The guidelines are based on the cost of raising children. Those costs include parents driving more to/from school or an extracurricular activity, the cost of those activities, larger homes that need more heat, more milk or food in the fridge, school fees, cough syrup when a kid gets sick, co-pays for the doctor, clothes, haircuts, etc. Every parent incurs those additional costs.

The commission determines the average of those baseline costs in Colorado. Those costs are factored into the guidelines. If there are two kids, there are more expenses. However, the guidelines recognize that there are savings by buying in bulk so it isn’t as easy to say that a child costs $_____ per year and then multiply it be 3 if there are 3 kids.

Calculating Child Support

Determining child support is not simply about plugging numbers into a spreadsheet and applying a formula. There are many cases where the income of a party is above the guidelines. There is a significant amount of Colorado case law that opens up strategic arguments for each case involving child support. Our child support lawyers have represented less affluent clients seeking support to help them meet their needs. They have also advised clients who are concerned with limiting their financial exposure on a monthly child support obligation that can add up over time.

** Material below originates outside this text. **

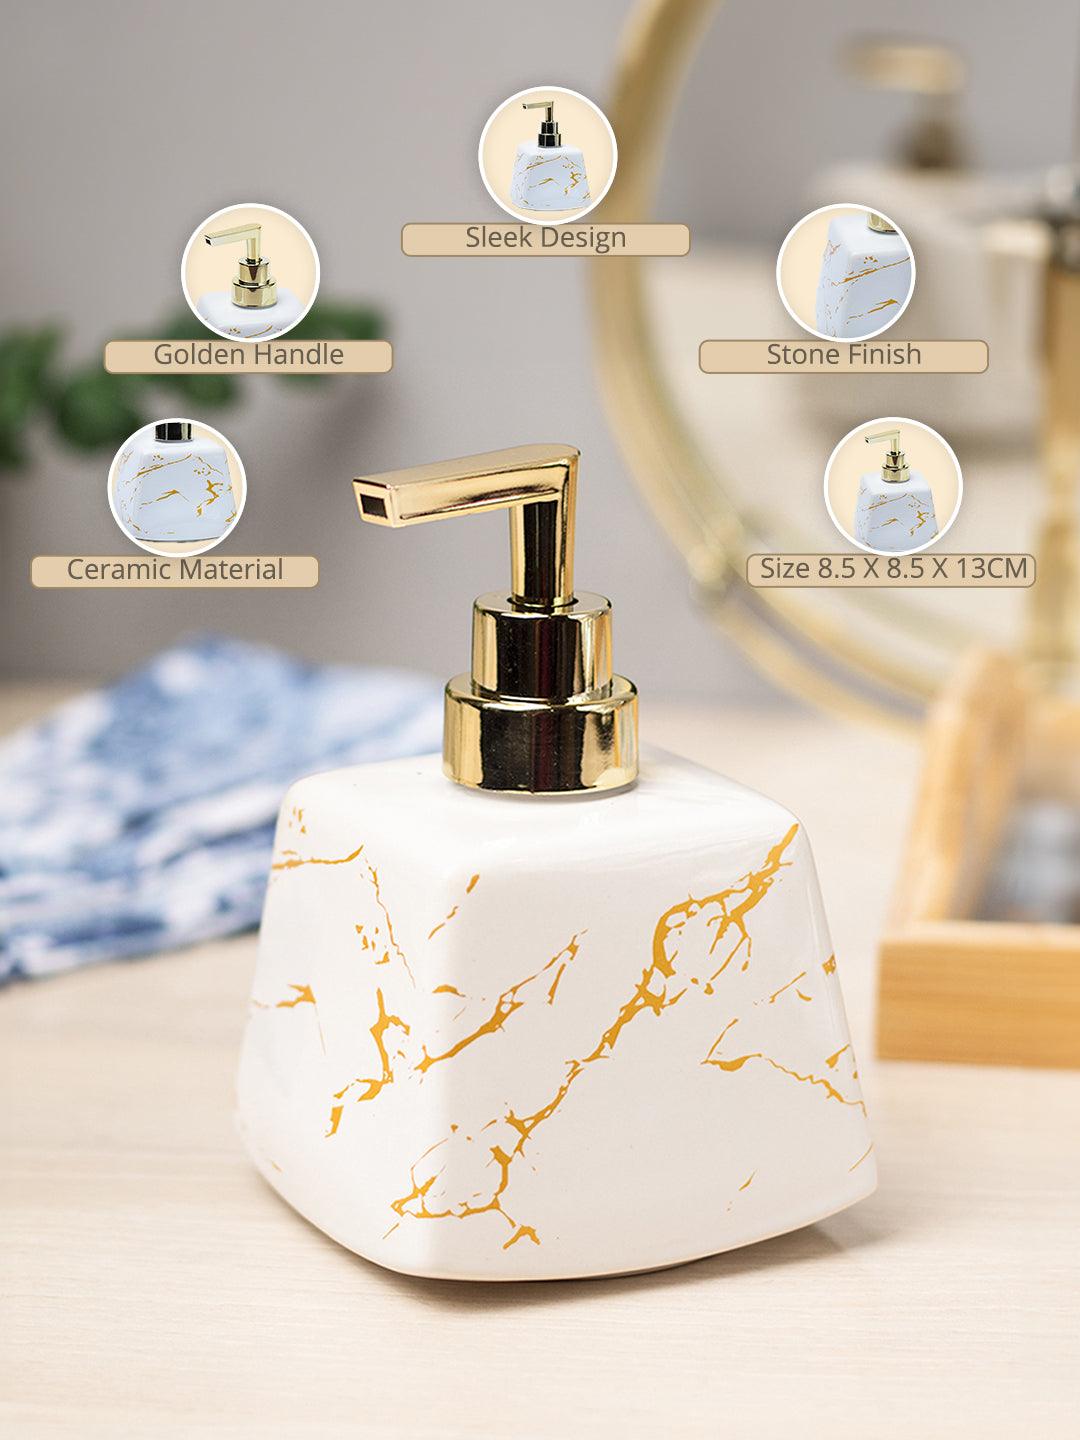 White Ceramic Soap Dispenser - Stone Finish, Bath Accessories
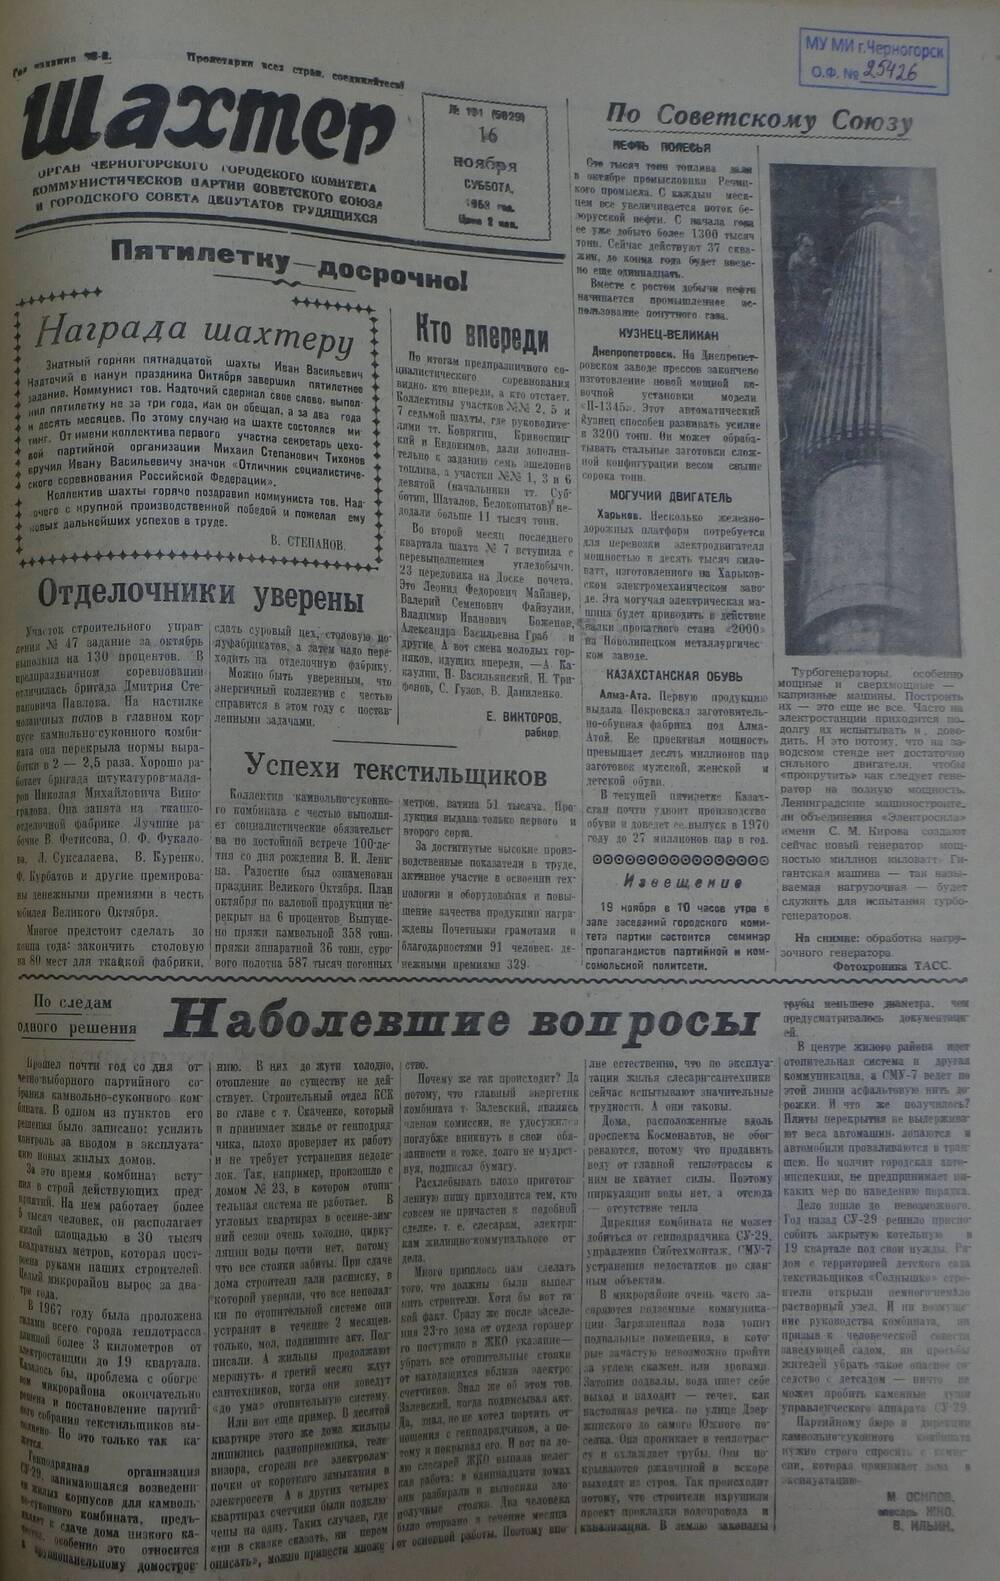 Газета «Шахтер». Выпуск № 131 от 16.11.1968 г.

Our child support attorneys, Ryan, Amy, Georgina, Michael & Elizabeth, leverage cutting-edge software to calculate the amount of parenting time and analyze the financial issues involved in a case where children are involved.

Factors Determining Child Support

Generally speaking, child support will depend on the following factors:

  • Incomes;
  • Number of children;
  • Number of overnights for allocated parenting time;
  • Cost and which party pays for work-related daycare, if any;
  • Cost and which party pays  the children’s health insurance;
  • Cost and which party pays for “extraordinary expenses.”

Extraordinary Expenses

Child support can drastically change depending on whether the children have historically had major health issues, attend private school, or engage in expensive extracurricular activities. We frequently see parents that spend thousands of dollars per year for their children’s skiing, hockey, ice skating, equestrian, soccer or other activities.


Child Support & Taxes

Colorado child support is generally not taxable. However, there are tax implications for children involved in a divorce. Starting in 2018, there are no more deductions “dependency exemption deductions” for children. Instead, a minor child can be claimed for the Child Tax Credit on a parent’s tax return. The credit has been increased to $2,000 per child up to the age of 16. The maximum amount that can be refundable is $1,400. Who gets the credit? Pursuant to C.R.S. 14-10-115(12), the Colorado court is required to allocate the right to claim a child in proportion to the parents’ contributions to the costs of raising the child. If a mother has more parenting time than the father and she pays for the child’s sports, tutoring, health insurance, daycare, etc., the court will likely give her the right to claim the child on her tax return.

Although parties going through a Colorado divorce or dispute over parenting rights often times will disagree about the color of the sky on particular day, there are times when it makes sense for them to strategically work together on taxes. For example, if one parent cannot benefit from the tax credit because they make too much money, they can offer to give the other parent the right to claim that child and split the amount of the credit. It results in a “win-win” for both parents. It is rare to characterize anything as a “win-win” in a Colorado divorce or when discussing anything related to taxes, but it is possible if the parties have thoughtful divorce lawyers and CPAs.